**What this task involves**
Below are the entries. Print only the lines starting at the one with "63299165a77 Γυναικείο παπούτσι" and ending at the one with "knit factory 1061309", exactly, with no pictures.

**Records for the exercise**

--

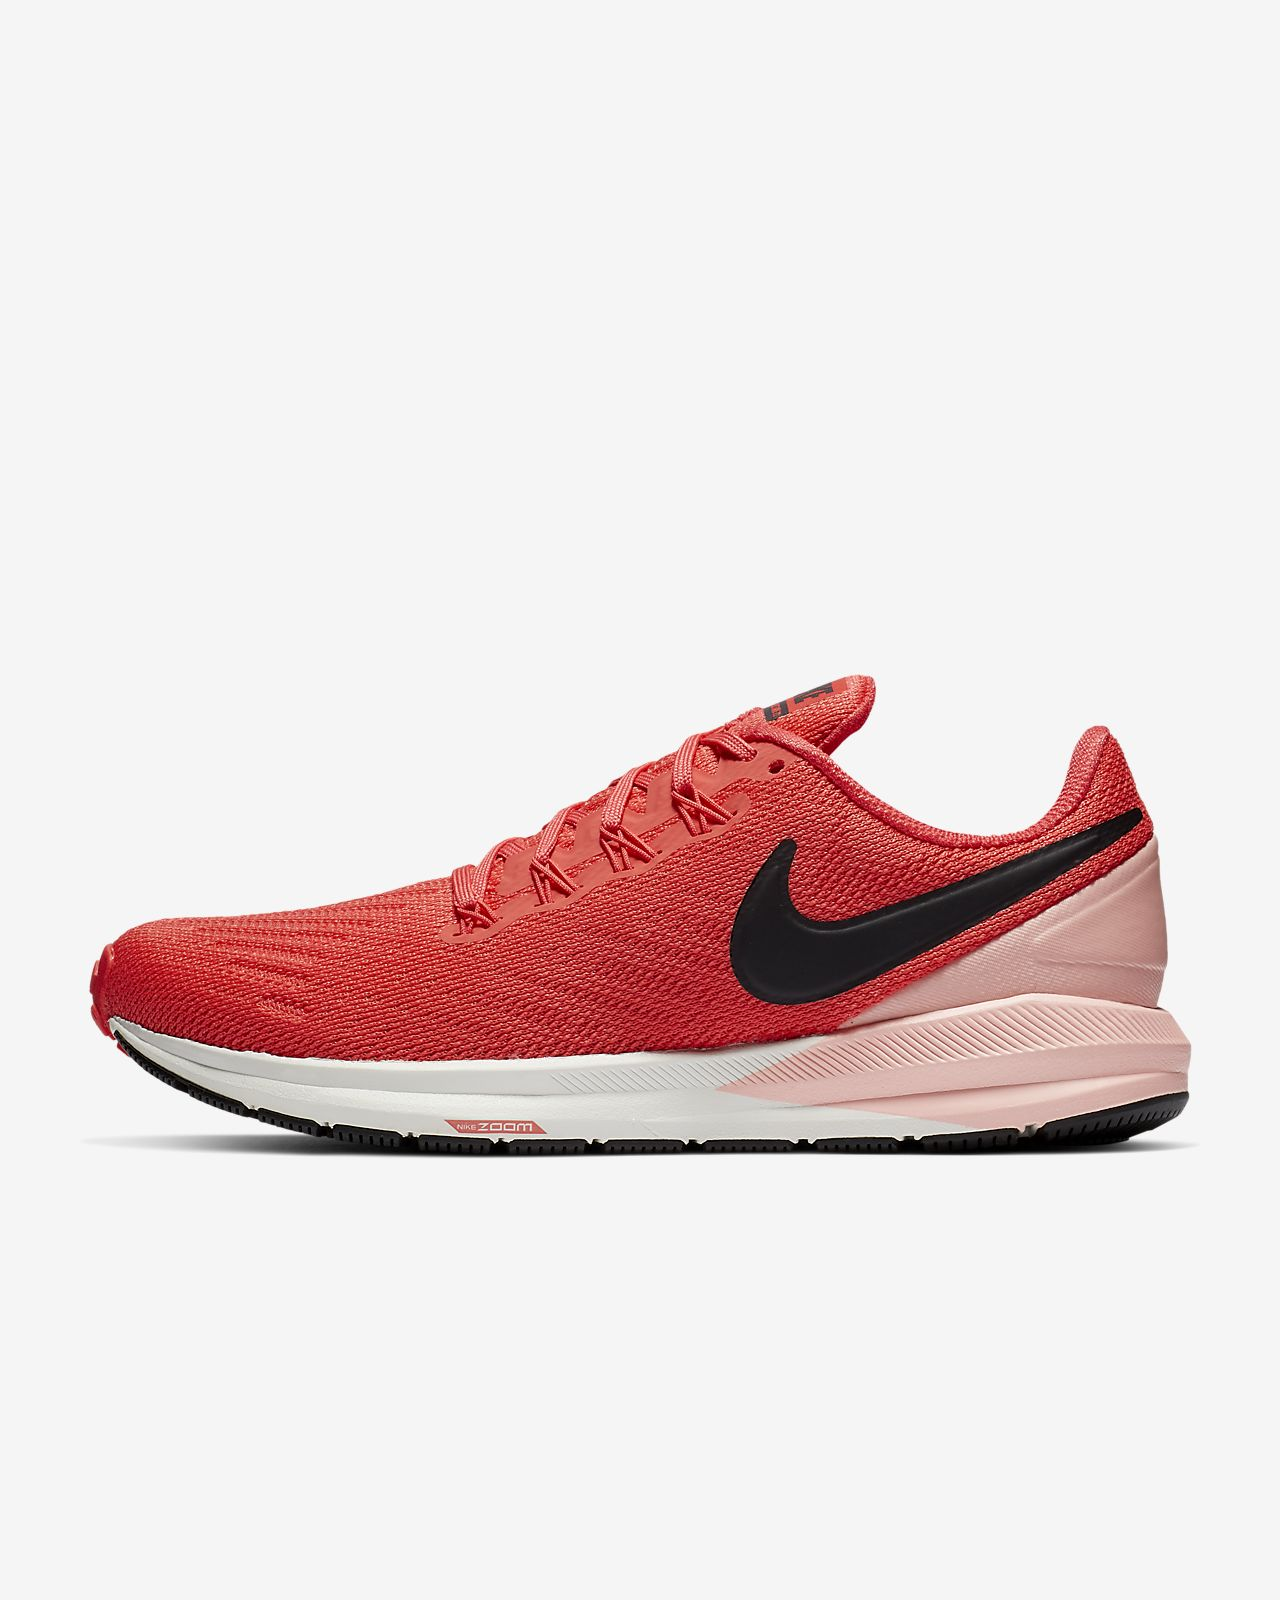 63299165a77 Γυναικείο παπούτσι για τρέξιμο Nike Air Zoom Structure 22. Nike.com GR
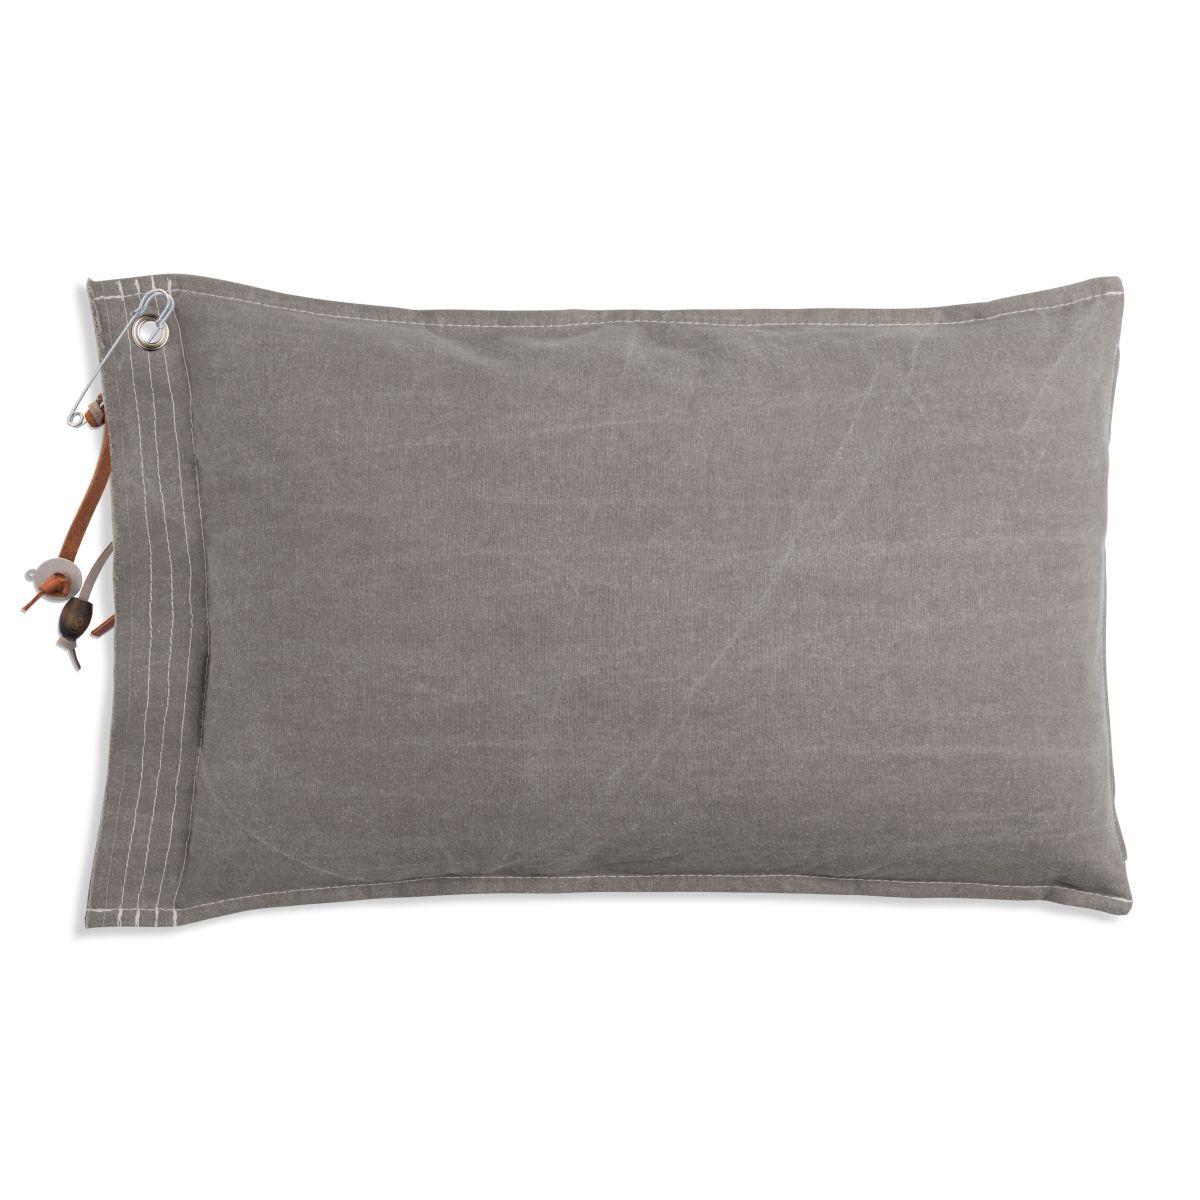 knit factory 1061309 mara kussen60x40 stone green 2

--

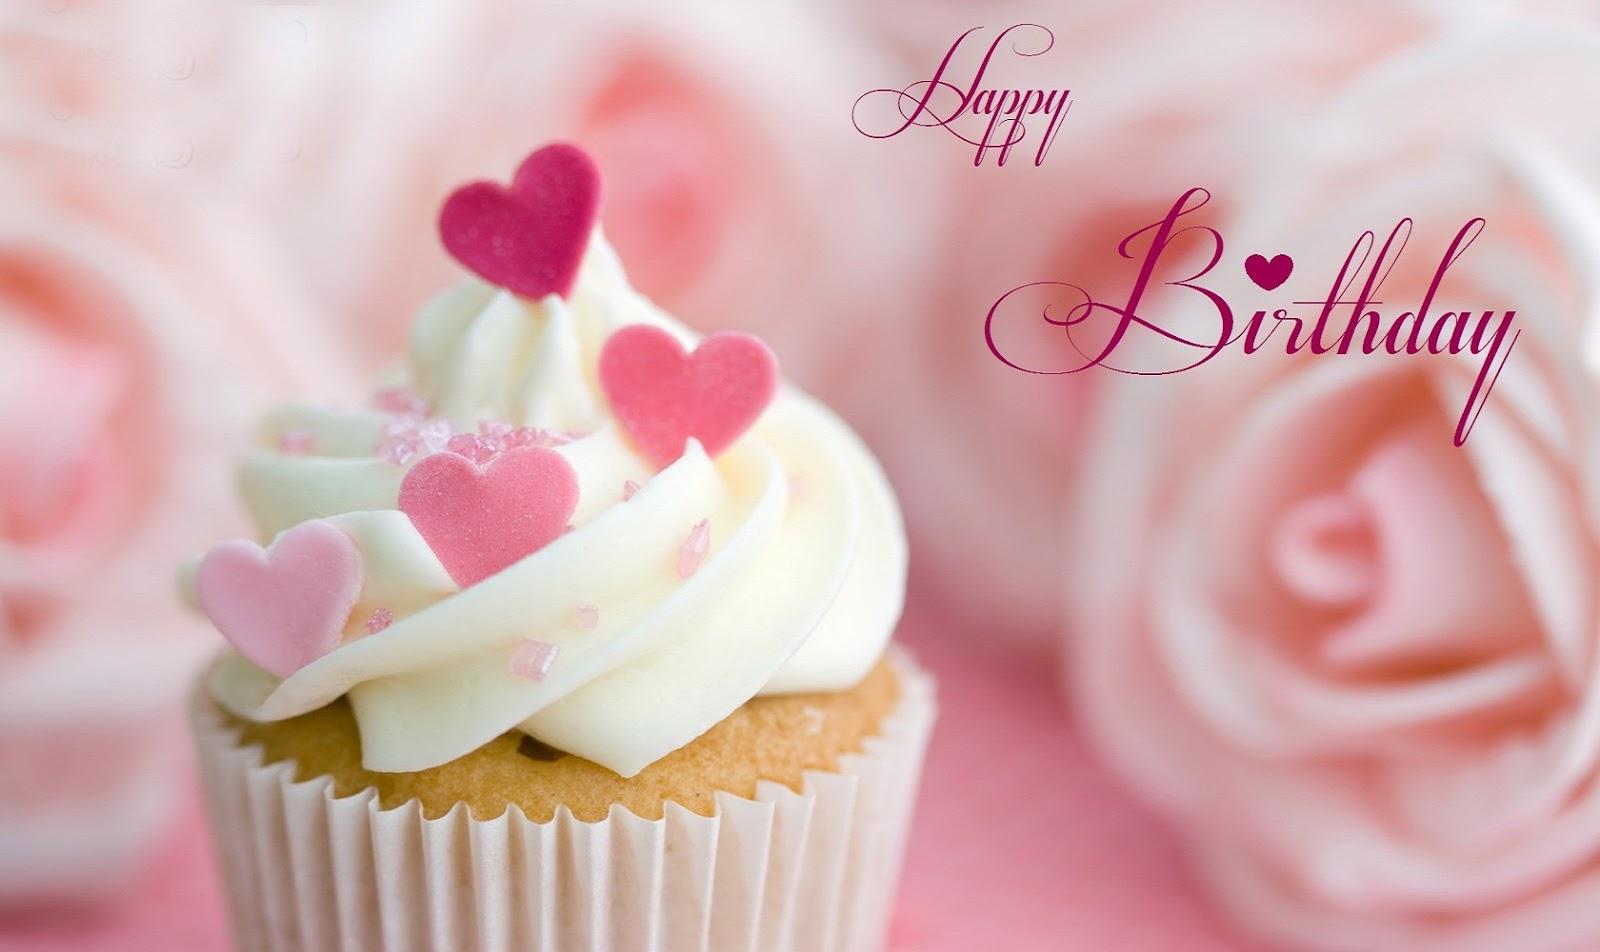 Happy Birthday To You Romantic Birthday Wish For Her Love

--

**Result below**
 63299165a77 Γυναικείο παπούτσι για τρέξιμο Nike Air Zoom Structure 22. Nike.com GR
 knit factory 1061309 mara kussen60x40 stone green 2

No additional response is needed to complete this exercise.